Glidden Homestead, DeKalb Area Agricultural Heritage Association host barn tour

Glidden Homestead, DeKalb Area Agricultural Heritage Association host barn tour

Published: Sunday, Aug. 14, 2016 11:49 p.m. CDT
(Aimee Barrows for Shaw Media)
Visitors check out the inside of the Schreiber barn in Kingston during Saturday's DeKalb County Barn Tour. The barn is now used for vehicle storage
(Aimee Barrows for Shaw Media)
Visitors stop at the Bingham barn in Clare during Saturday's DeKalb County Barn Tour. The barn was built in 1939 and once housed cattle and now is used for equipment storage.
(Aimee Barrows for Shaw Media)
Averil Schreiber's barn in Kingston was built in 1868.
(Aimee Barrows for Shaw Media)
Roger Watson of Genoa makes wooden barn pegs at the Schelkopfs' Kingston barn during Saturday's DeKalb County Barn Tour. Watson said no nails were used to construct the barn.
(Aimee Barrows for Shaw Media)
The Glidden brick barn is seen during Saturday's DeKalb County Barn Tour. The barn, located at the Glidden Homestead, was built around 1870 and once was used to show the Gliddens' horses.

Averil Schreiber loves the barn on her Kingston property and was happy to show off the historic structure as part of Saturday’s DeKalb County Barn Tour, sponsored by the Glidden Homestead and the DeKalb Area Agricultural Heritage Association. Eight DeKalb County barns were featured in the self-guided driving tour. 

“This building reminds me of a cathedral,” Schreiber, 83, said of her barn, which was built in 1868 and is now used for vehicle storage. “It has the grace, spaciousness and feeling of a special building.”

This is the third year of the barn tour, and new barns are featured each year. Rob Glover, executive director of the Glidden Homestead, said the tour highlights the amazing barns in DeKalb County, and gives people a peek into the county’s agricultural history. 

“This is what farmers did in DeKalb County, but also shows how property owners have adapted these structures in a modern way and repurposed them,” he said. “The barns have a value that isn’t based on agriculture. Visitors can see how intricate barns are and how much thought and innovation went into building them.”

Jill Franke of Sycamore was admiring Schreiber’s barn and said she loves old barns for their history and architecture.

“I like to see how they built the barns and how they were used. It’s nice that people are willing to keep them even though they’re not used for farming,” she said. 

Donna Lucas Peterson of Kingston grew up on a dairy farm, so visiting the old barns brought back childhood memories for her. She has come to all three barn tours.

“I helped feed the cows, and I was out in the barn more than the house,” she said. “I don’t like to see barns torn down. They’re uniquely made and very interesting.”

Charlie and Nancy Schelkopf’s Kingston barn was built in 1937 and was built using wooden pegs. While it’s now used for storage, it once housed cows, horses and chickens. Ed Peterson, a volunteer at the Schelkopf farm, said at the time the barn was built, farming was transitioning from horses to tractors.
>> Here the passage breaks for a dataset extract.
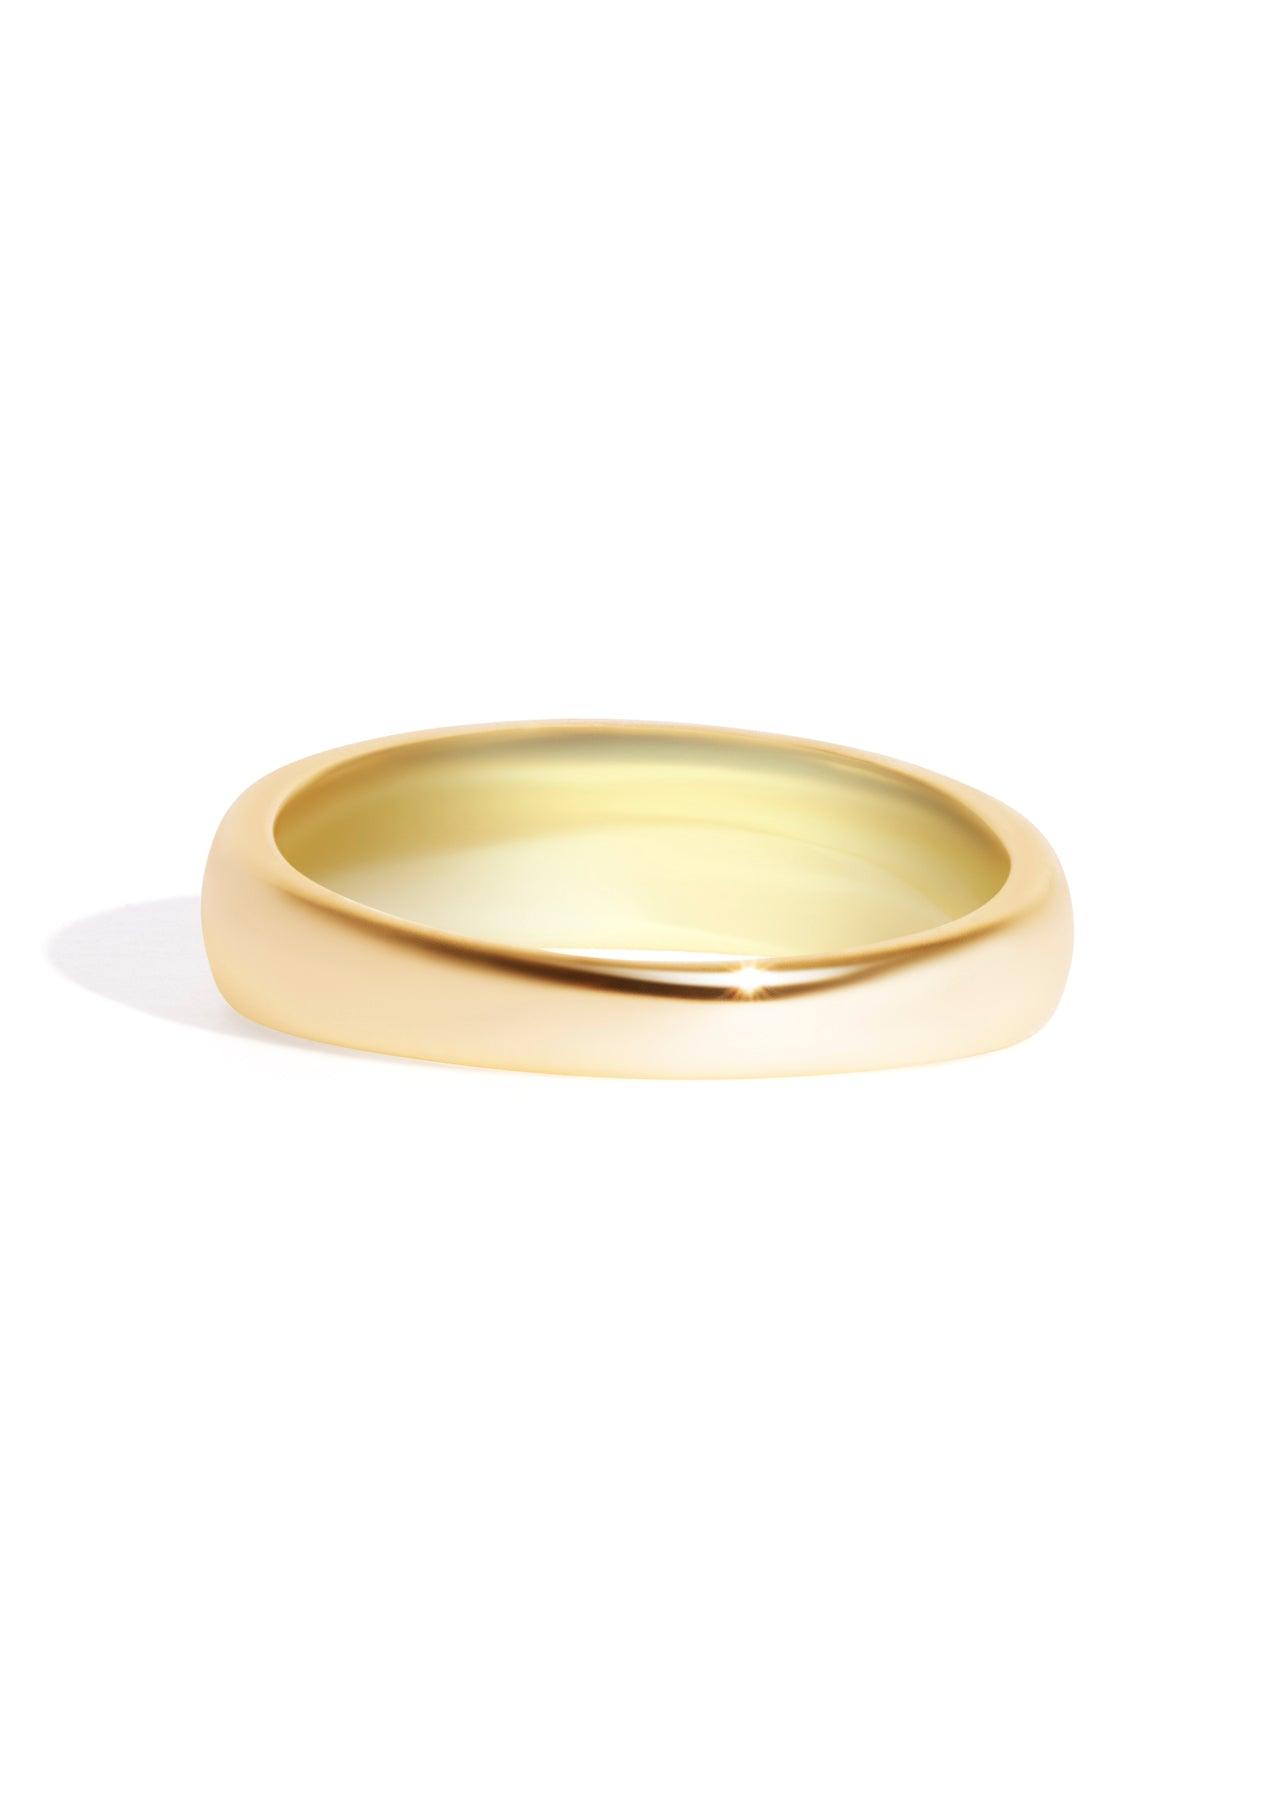 The To The Moon Pearl 14ct Gold Vermeil Signet Ring - Molten Store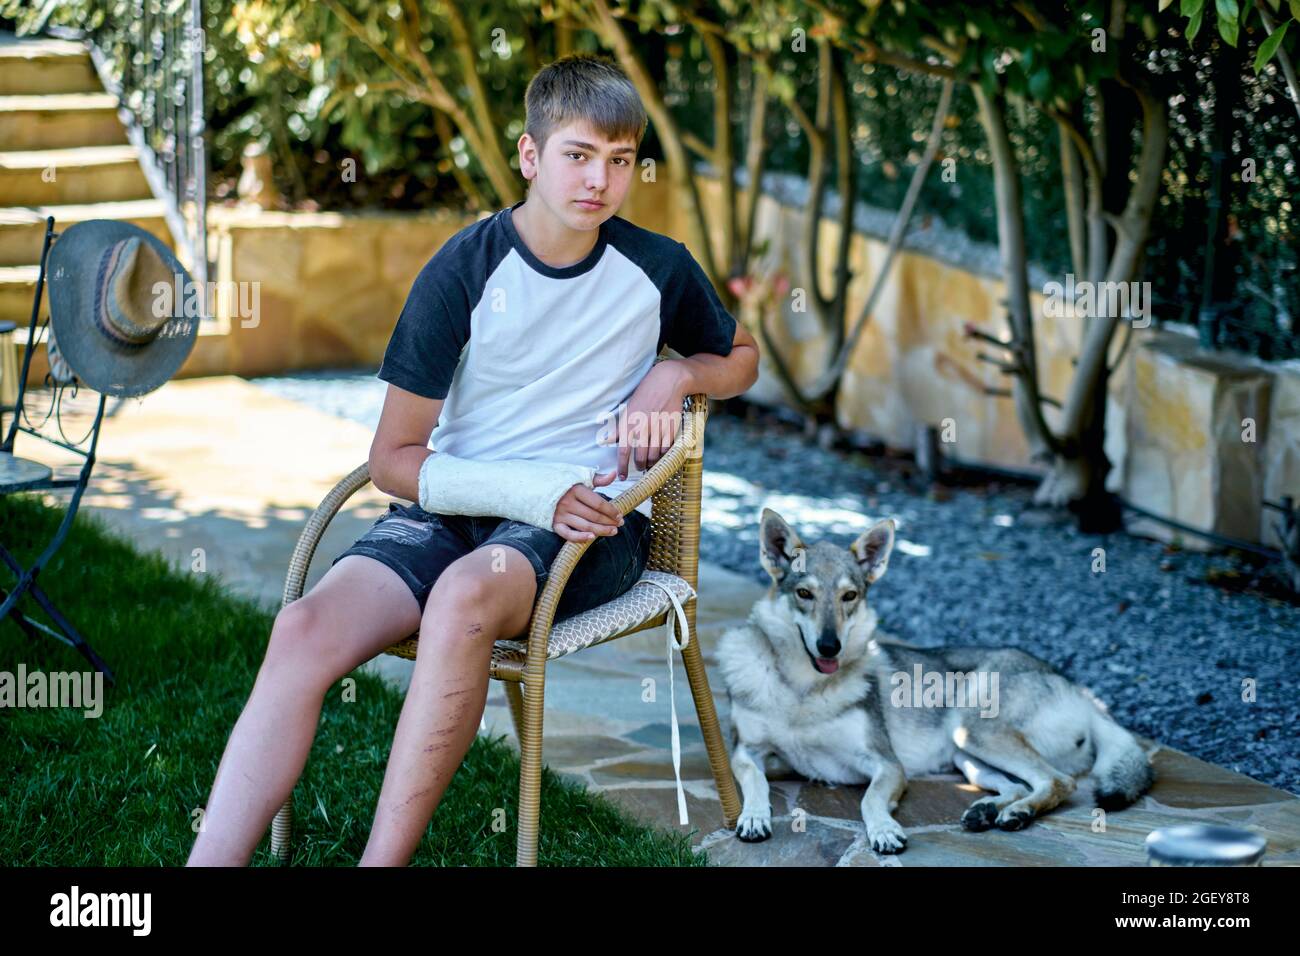 Portrait of young caucasian boy with a broken and cast arm sitting in a chair outdoor in a garden with a dog. Lifestyle concept. Stock Photo

“People are interested in barns because they’re built to last more than 100 years. This is part of our heritage, and soon there will only be a few left,” he said. 

This is the second year that Amy and Dale Hamilton of Sandwich have taken the barn tour. Amy said she thinks of barns as works of art.

“The quality of the craftsmanship is incredible, and you can tell it’s the original construction,” she said about the Schelkopf barn. “I like to the smell of them. I grew up with a barn in my backyard, and it was the best place ever to play.”

Roger Watson of Genoa was making wood barn pegs, similar to the ones used to build the Schelkopf barn.

“There were no nails used in that barn,” he said. “I love to do this work. It’s a part of history, and much of it is lost.”

Julie Bingham was hosting the tour on her family’s Clare barn, which was built in 1939 and once housed cattle and now is used for equipment storage. The barn still has its original wood, but Julie and her husband Art replaced the roof and siding in 2009.

“My husband wanted to honor what his grandfather built,” Julie Bingham said. ”It’s a part of farming that’s gone because we don’t need barns anymore. But the foundation was crumbling, and something needed to be done. So we decided to preserve it instead of tearing it down.”

The last stop on the tour was the Glidden barn located at the Glidden Homestead. The brick barn, which was built around 1870, was once used to show the Gliddens’ horses, Roger Keys said. 

“This isn’t a typical farm barn, because very few were brick. This is a big, high-end carriage barn that was extremely well-built, and it’s significant,” said Keys, who was hosting the tour of the Glidden barn.  

Monika Marschall, who is from Germany, was touring the barns with her husband, Scott Curts of Aurora. Marschall said she thinks it’s a miracle that so many of the barns on the tour still are standing.

“Every barn was different in its own way,” she said of the eight barns. “I like the red barns because they stand out. We don’t have big red barns in Germany. I liked talking to the owners and hearing their stories.”